Twilight shot a glance at the foal, who anxiously scratched at her bared chest with a claw. “She’s been fidgety,” the mare replied as she turned back to the stallion. “Not in a self-harming way or any other way that would drive me and everypony else on the ship up the wall, but she’s still worrying us.”

“Pardon us. It’s still our second day in Fantasia, and we’ve been on edge since we left that town full of bloodied yahoos,” Rainbow chirped in a sarcastic tone, which garnered a roll of the eyes from the half-Clydesdale unicorn.

“I get what you mean,” Matt nodded, a small smile on his face. His grin fell, though, when he glanced at the filly. The filly stared back, naked wings cringing in such a way it looked like they had invisible vibrators tied to them.

“Where are you taking me, nice horn-pony?” she asked, her voice faltering. In the same moment she had spoken, the ship fell silent, and all stilled on the spot.

The stallion swallowed thickly, but his gulp did not break the silence. He glanced at the Mythonian mares and their dragon friend, but all he received were either shaking heads or worried gazes. Rarity in particular shuddered, her mane spindly, frazzled, and draped loosely past her withers as she mouthed, “I haven’t the foggiest idea.”

Twilight closed her eyes, her mind scrambling to formulate something even resembling an idea. “Would the filly really be safer with us, the Fantasians, or in a temporary home?” she thought, creases forming along the seams of her closed eyelids as she drew a near-silent sigh. “On one hoof, she’d be in a spot where, if I left her with the right pony, she’d be safe and could receive therapy, food, shelter… maybe even flight training once her feathers grew back.”

She grimaced as her train of thought churned on, “But on the other, I don’t know what the Fantasians would do with her—or to her, Celestia forbid—since she’s not in the best condition. Then again, they’ve taken in a legless cat and a changeling that shouldn’t be able to trot at all… and what if I brought her to Celestia as she is now? Since Rarity pretty much lost it the other day, with how things are now, I doubt the Princesses would be amused…”

Twilight opened her eyes after a few moments and looked at Matt with as level a look as she could muster. “I’ve weighed our options regarding the foal,” she said.

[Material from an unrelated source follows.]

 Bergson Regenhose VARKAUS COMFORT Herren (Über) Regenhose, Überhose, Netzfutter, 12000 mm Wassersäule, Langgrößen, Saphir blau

The Fantasian stallion quirked a brow. “And that would be…?” he asked, tilting his head a little.

“The filly stays within the line of sight of everyone got involved with the mess yesterday, Fantasians and Mythonians alike. She cannot be left alone. Even if she recovers from her ordeal, she’ll still need some sort of adult figure who won’t go and… hurt her for simply wanting something as simple as a cutie mark. While I still have my doubts about you and your folk—I mean no offense when I say that—I, as the leader of my group, have little choice,” Twilight answered, ears flattening on her head.

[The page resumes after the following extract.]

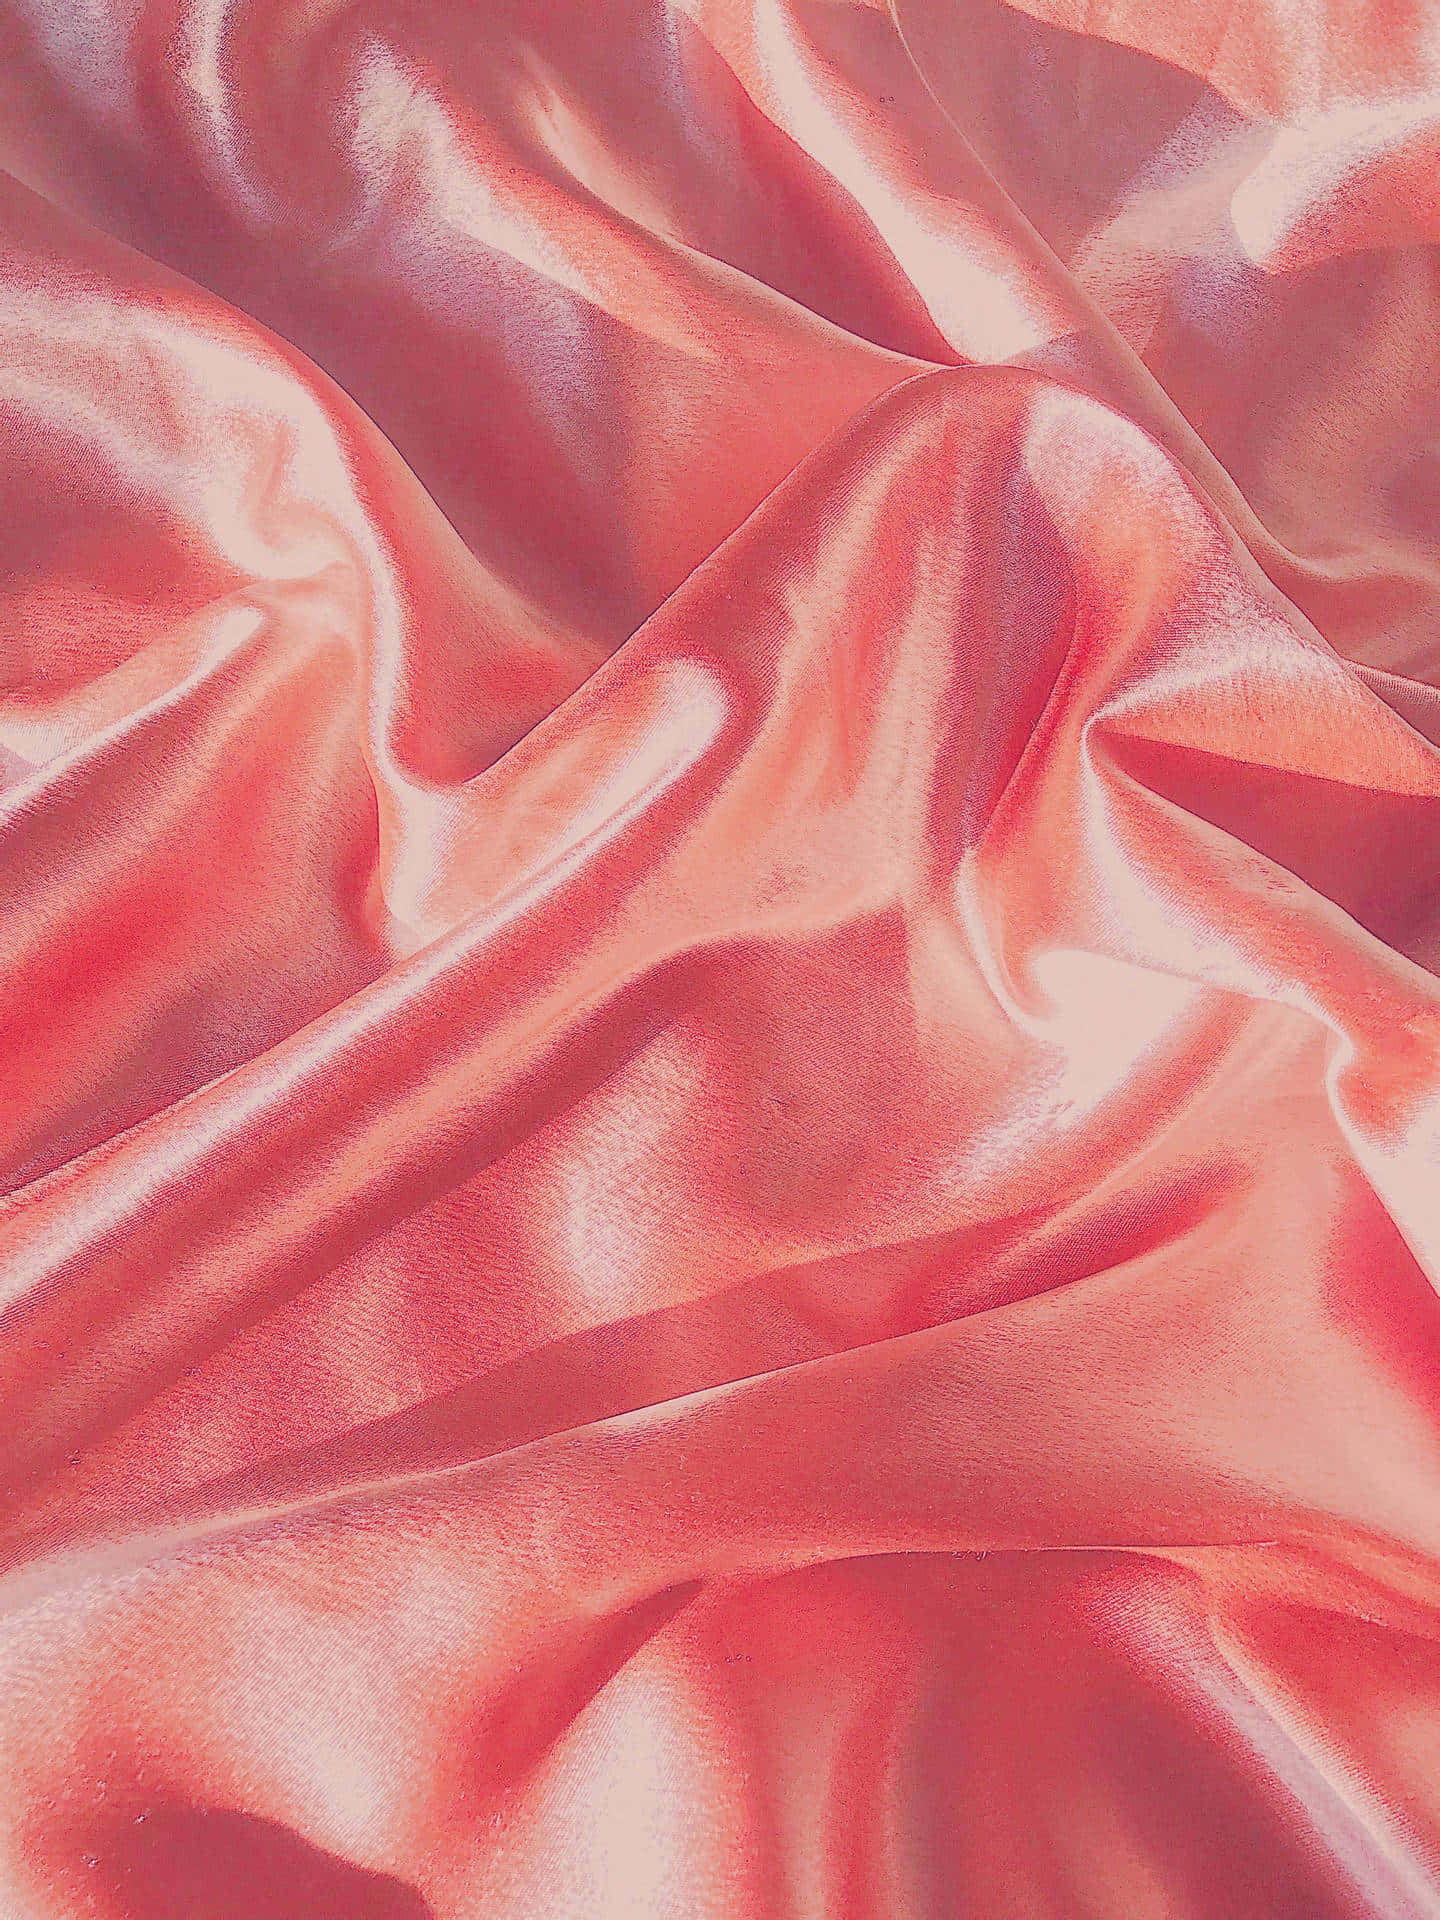 Light Red Satin Fabric Texture Wallpaper

Matt thought over the lavender unicorn’s rather long-winded reply for a moment before asking, “No offense taken. However, I need to ask: why do you feel you have little say in… this matter of sorts?”

“If we left her here, in this frozen patch of land, she’d die. If we left her somewhere on Mythos, she could be guaranteed some safety, but how much I couldn’t be able to tell you with finality—what if I left her in an orphanage ran by a horrid pony? What then?” Twilight began, shuddering at the implications of her own words. She steeled herself and added, “What I’m saying is, it’s best if she sticks with either one group, the other, or both.”

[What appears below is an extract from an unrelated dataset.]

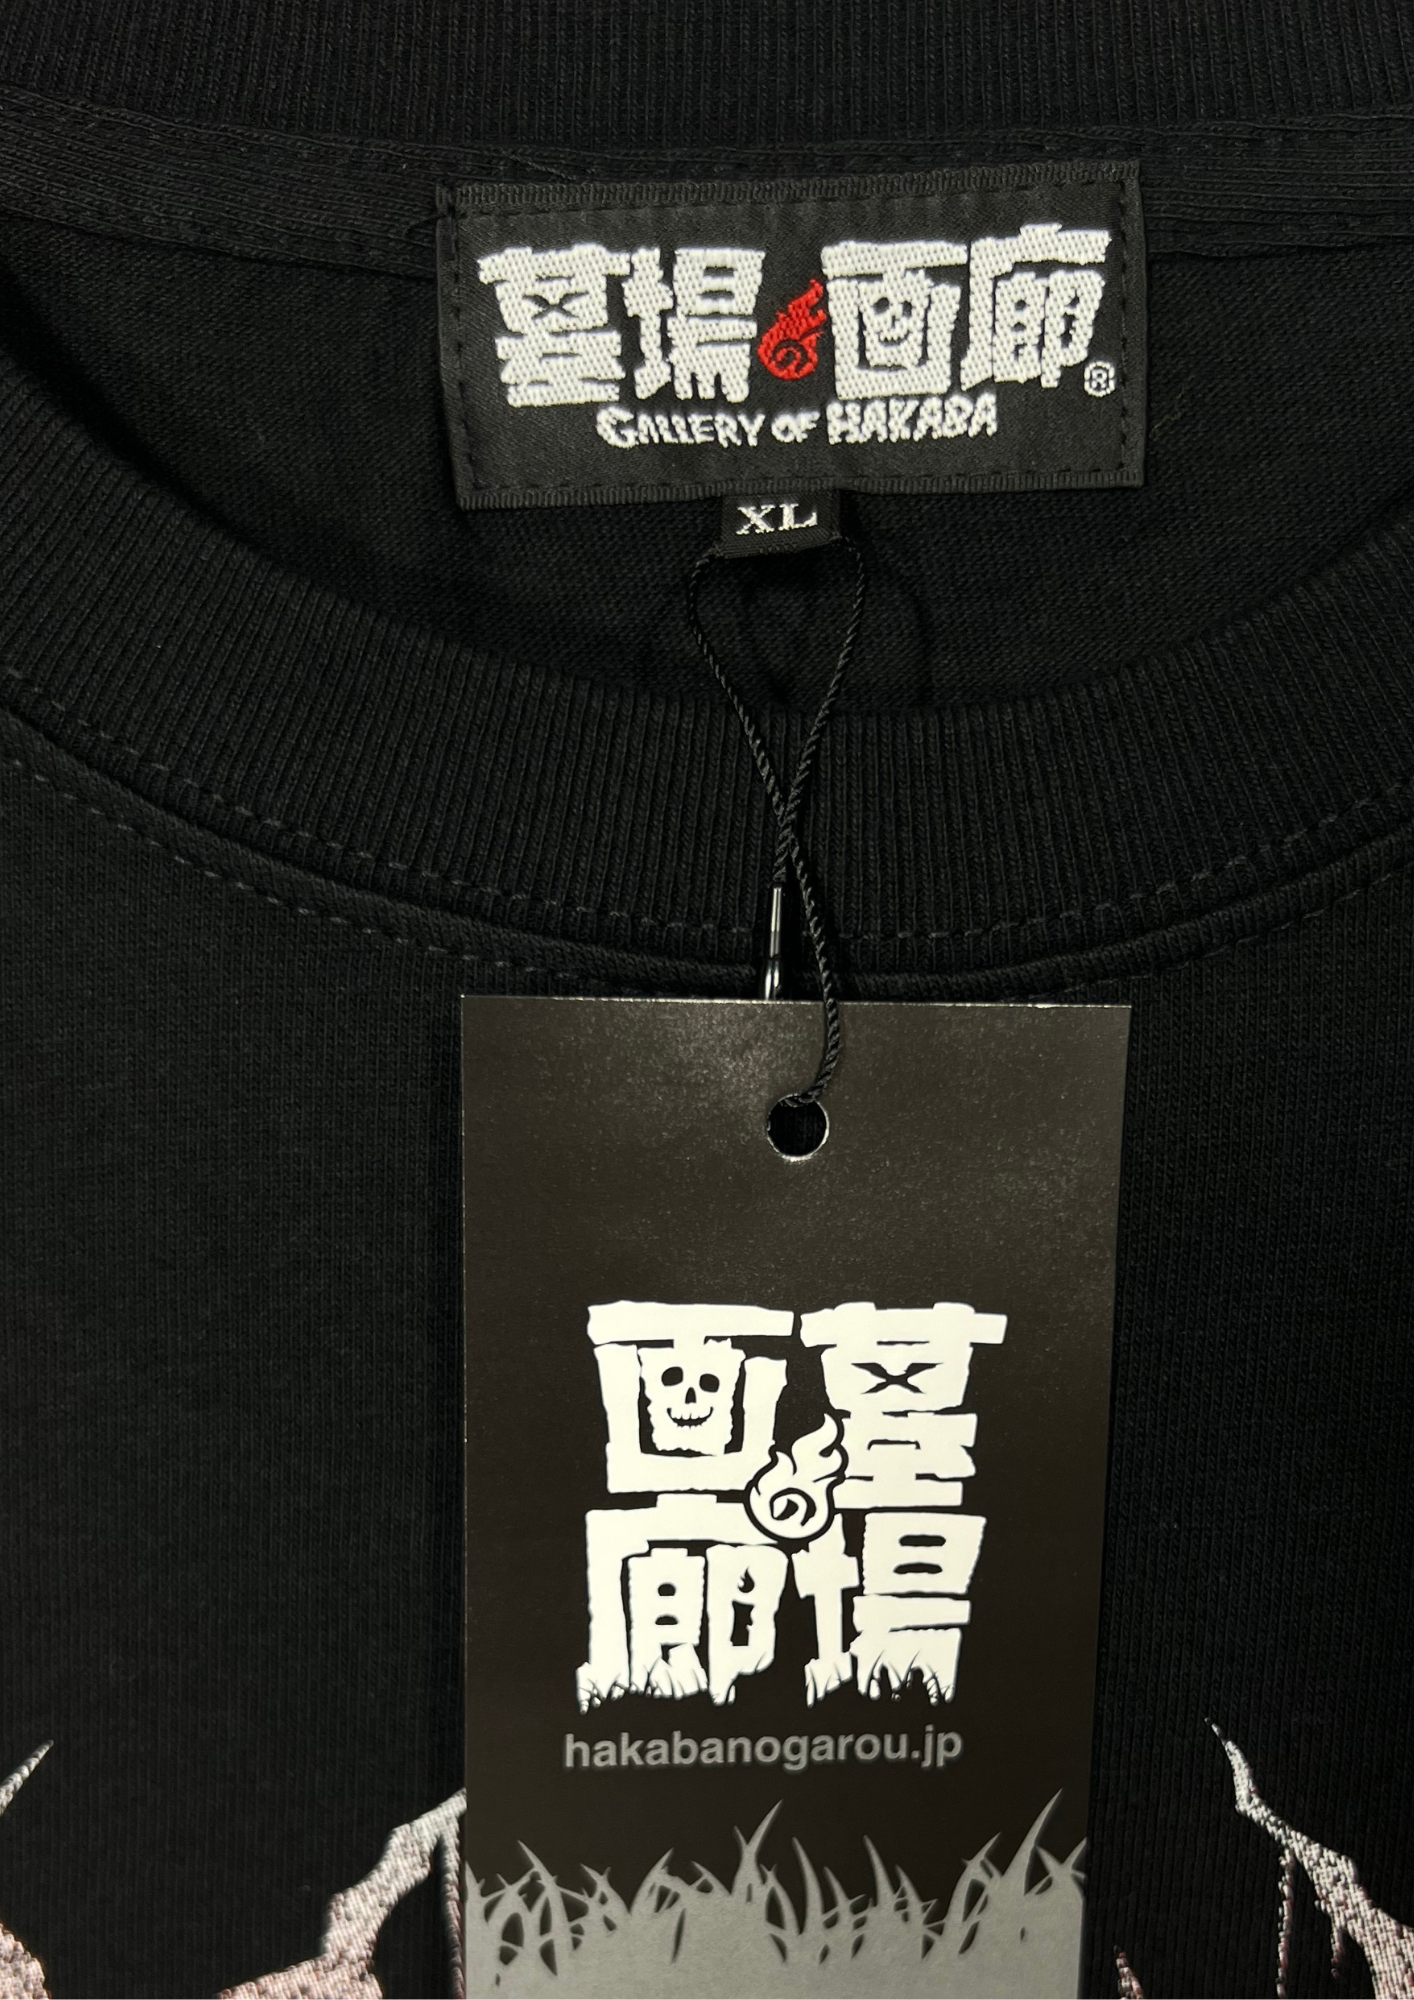 Berserk x Hakabagarou Exhibition Limited Femto T-shirt

The blond-maned stallion nodded slowly, letting the mare’s words sink in. “I see,” he said simply. “The hippogryph mare with the harp-halberd-thing told us last night that you fed the filly fruits and veggies, but she went green in the face.”

“The meanies made me eat parts of mommy and daddy… and then made me eat their—” the filly could not finish as Spike rushed over to her and clasped his claws on her muzzle. She began jerking her head wildly, raising her talons in an attempt to shake the drake off as well as scratch him. The half-Clydesdale turned his attention to the struggle and noticed that, despite suffering some fast slashing action from the talons, the drake seemed unfazed.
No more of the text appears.